Killer Whales in Captivity

When a top predator becomes a top attraction, it's an invitation for trouble.

Nathan Fulgado, Writer

artwork by Rianna Gonsalves


Humans have had an unusual fascination with using animals as a means of entertainment. Zoos, aquariums, bird parks and nature parks have kept wild animals in captivity which has had severe consequences on the animals and their species. The spectacle of watching a wild animal, maybe even a predator, being tamed by its human master is a sight to behold in the entertainment industry. The dangers posed by the capturing of such animals has led to some truly tragic moments.


The killer whale, or Orca, is one of the largest predators in the sea. The creature weighs almost two tons and is as large as a sailboat. It hunts in packs, similar to wolves. These packs are called pods, and each pod can contain up to thirty killer whales. A single killer whale is able to hunt an agile seal or penguin, but a pod can take down a humpback whale.


These whales, in spite of their hunting prowess and incredible size, are huge attractions in marine parks. There are more than sixty killer whales in captivity. More than half of those have been born in captivity. These magnificent animals are incredibly intelligent as well, which humans have taken advantage of. They are trained to perform stunts and tricks that wow audiences who pay hundreds of dollars to see them perform.


People who saw the movie (Free Willy) were shocked to find out that Keiko was also a captive killer whale. To create a movie about a whale escaping captivity, the filmmakers had to violate the fundamental premise of the movie.

In a report by The New York Times on this issue was featured one such whale called Keiko. Keiko was the star of the 90s hit movie Free Willy. The movie revolves around a boy trying to free a captive killer whale from its enclosure and return it to the sea. People who saw the movie (Free Willy) were shocked to find out that Keiko was also a captive killer whale. To create a movie about a whale escaping captivity, the filmmakers had to violate the fundamental premise of the movie. Keiko was an attraction in a Mexican marine park. A killer whale that swims the open ocean according to its free will has an upright dorsal fin. Keiko’s dorsal fin started to droop and eventually curl up due to swimming around in circles in his tiny tank.


Keiko was only one of many killer whales that were captured from the open ocean and thrust into a man-made environment. He became the first captive killer whale to be returned to the wild. The operation was expensive but through crowdfunding and aid from Warner Brothers, they were able to fund Keiko’s return to his home. The problems did not end there for scientists and activists who were working towards his release. The whale had to be trained to live in the wild once again. Years of living in captivity had made the whale dependent on humans. He would not be able to survive in the ocean if he could not be re-oriented with the behavior of wild killer whales.
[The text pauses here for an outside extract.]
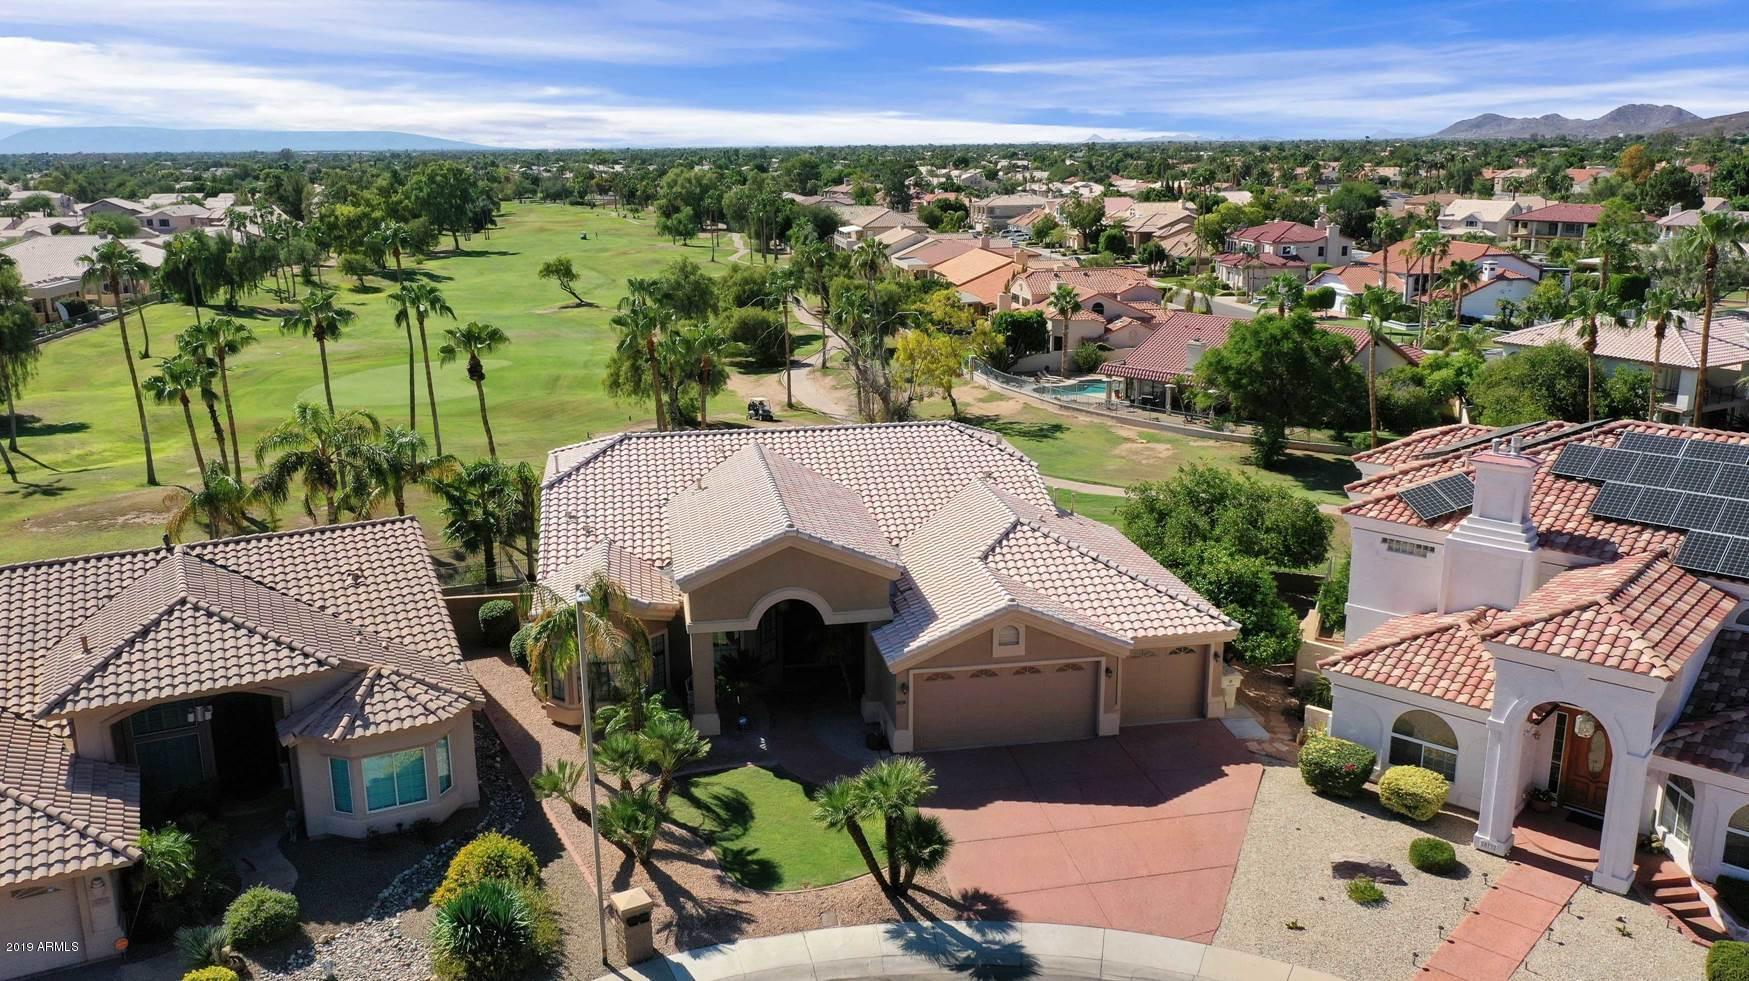 Photo of 20726 N 56TH Avenue, Glendale, AZ 85308

Keiko died a year after he was released. The movement was strong, but it was not enough to keep him alive for longer. Unfortunately, his death was not enough for marine parks to understand the consequences of keeping a whale in captivity. The ignorance led to a string of terrifying incidents that shook the animal entertainment industry.
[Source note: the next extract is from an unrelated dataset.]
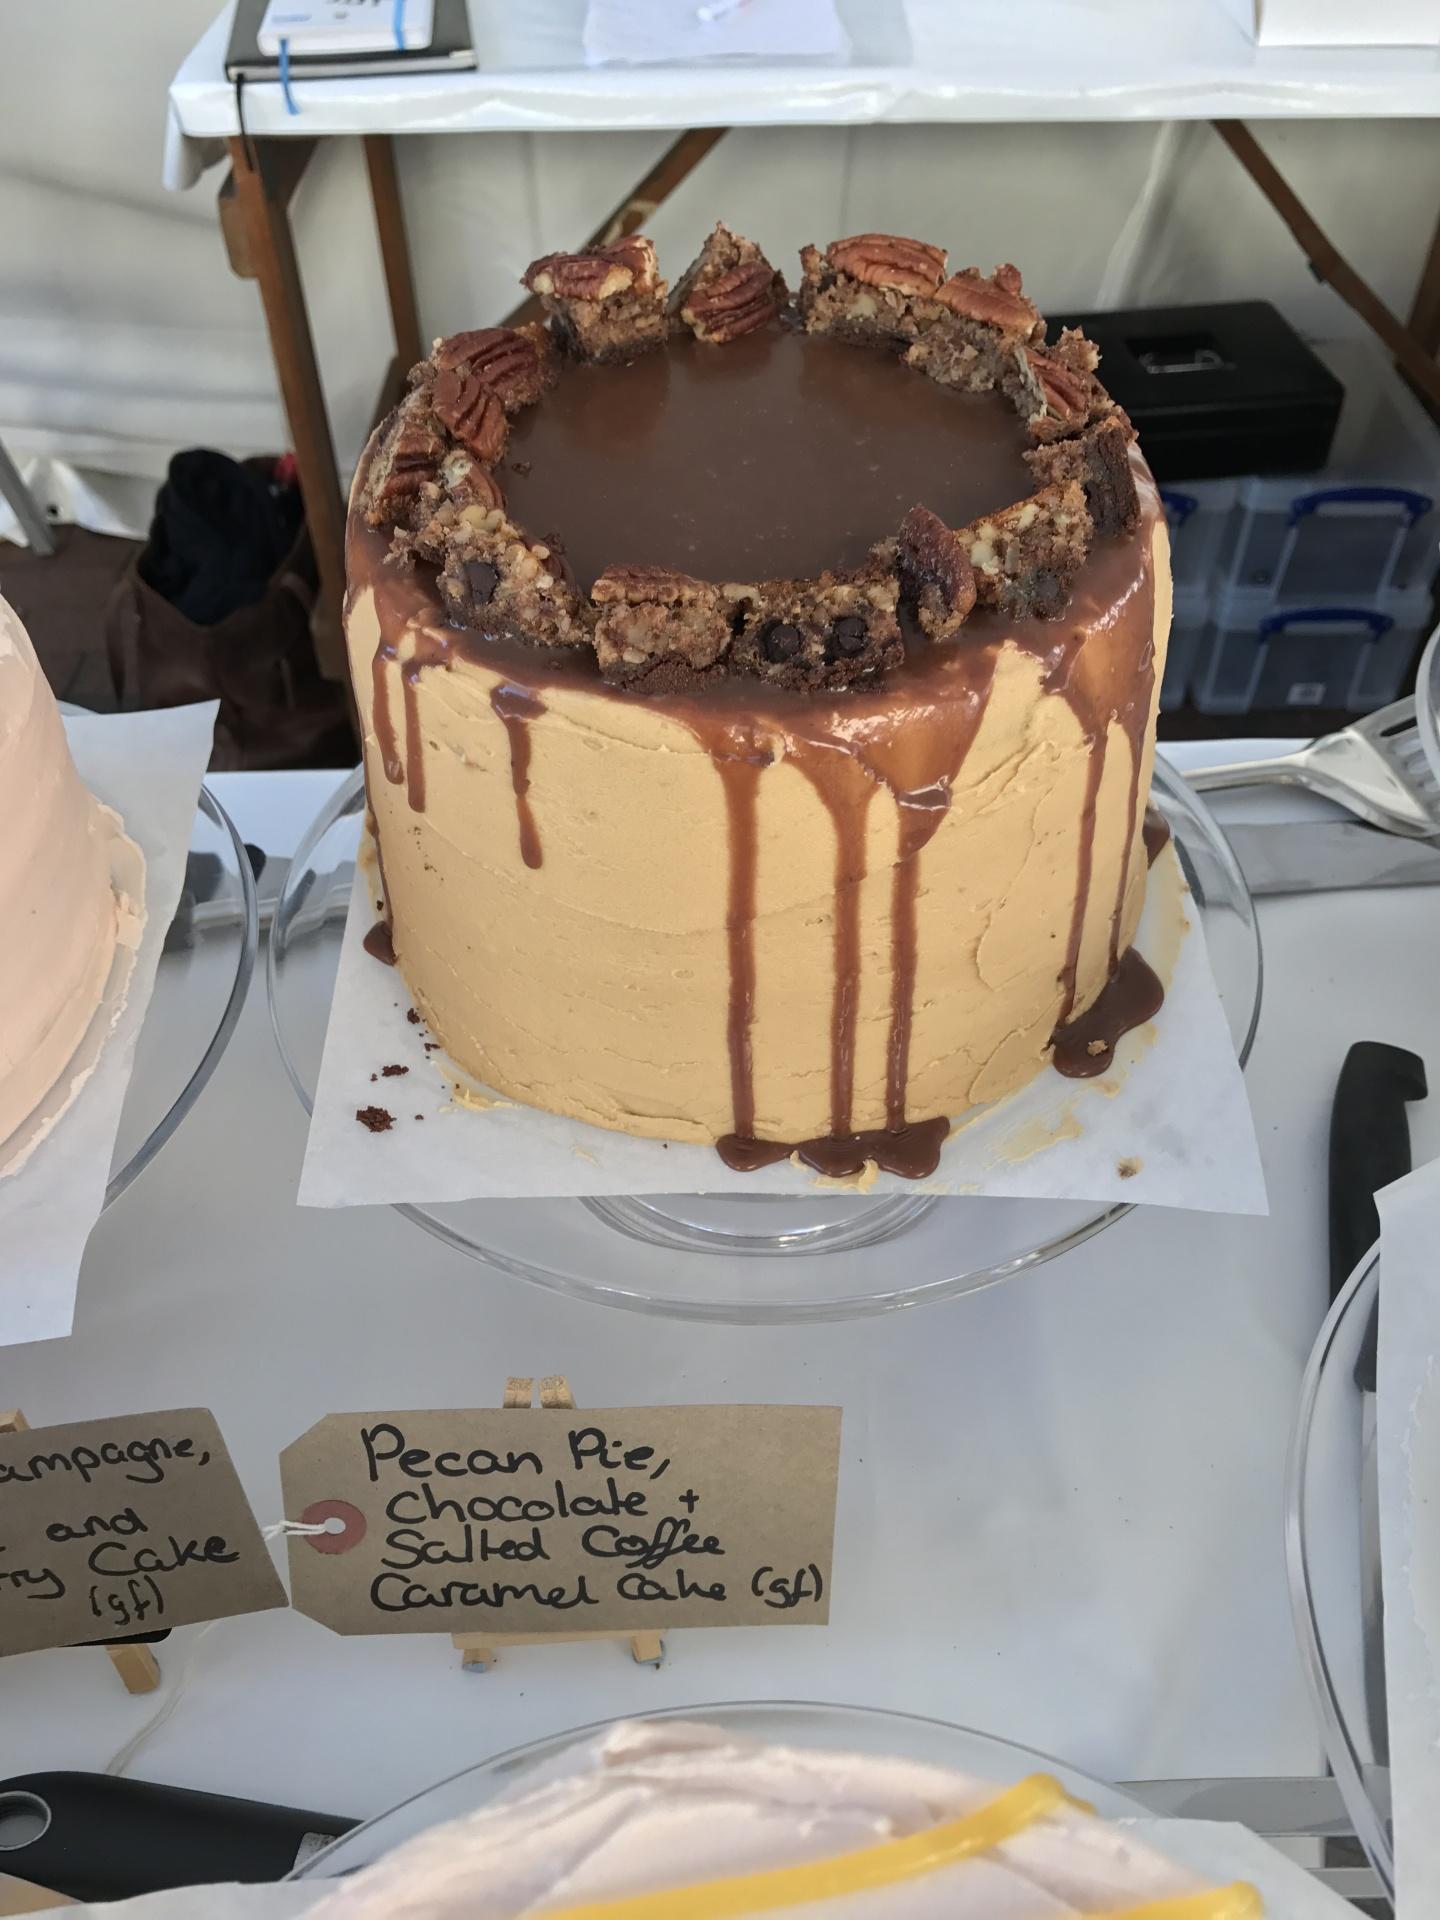 Pecan Pie, Chocolate and Salted Coffee Caramel Cake

Dawn Brancheau was a trainer at SeaWorld in Orlando, Florida. On February 24th, 2010, Dawn was found dead in a killer whale tank. Eyewitness reports claim seeing her body in the mouth of a killer whale named Tilikum. The SeaWorld employees tried their best to make Tilikum let go of the body, but Dawn was already dead. She had been dragged underwater and drowned. Ken Peters, another trainer at SeaWorld was also dragged underwater by a giant killer whale. He barely managed to escape with his life, but not without harm. He ended up suffering from a broken foot due to the attack.


These creatures are severely misunderstood and misrepresented by marine parks. Unlike dolphins and beluga whales, killer whales are not friendly and docile. They are incredibly intelligent, weigh as much as a Hummer, can move through water like a missile and have sharp conical teeth that resemble screws without the grooves.

There have been dozens of instances of former employees blowing the whistle on SeaWorld. The working conditions at marine parks are extremely dangerous, whether you’re dealing with a tiny but deadly jellyfish or a massive killer whale. Tilly, the whale that killed Dawn was previously involved in two more trainer deaths. Her death inspired Gabriela Cowperthwaithe to make the documentary Blackfish. It focused on the life of Tilly, the ‘killer’ killer whale, from its capture off the coast of Iceland to the harassment it faced from other captive killer whales. It highlighted every dark aspect of keeping an animal like this in captivity.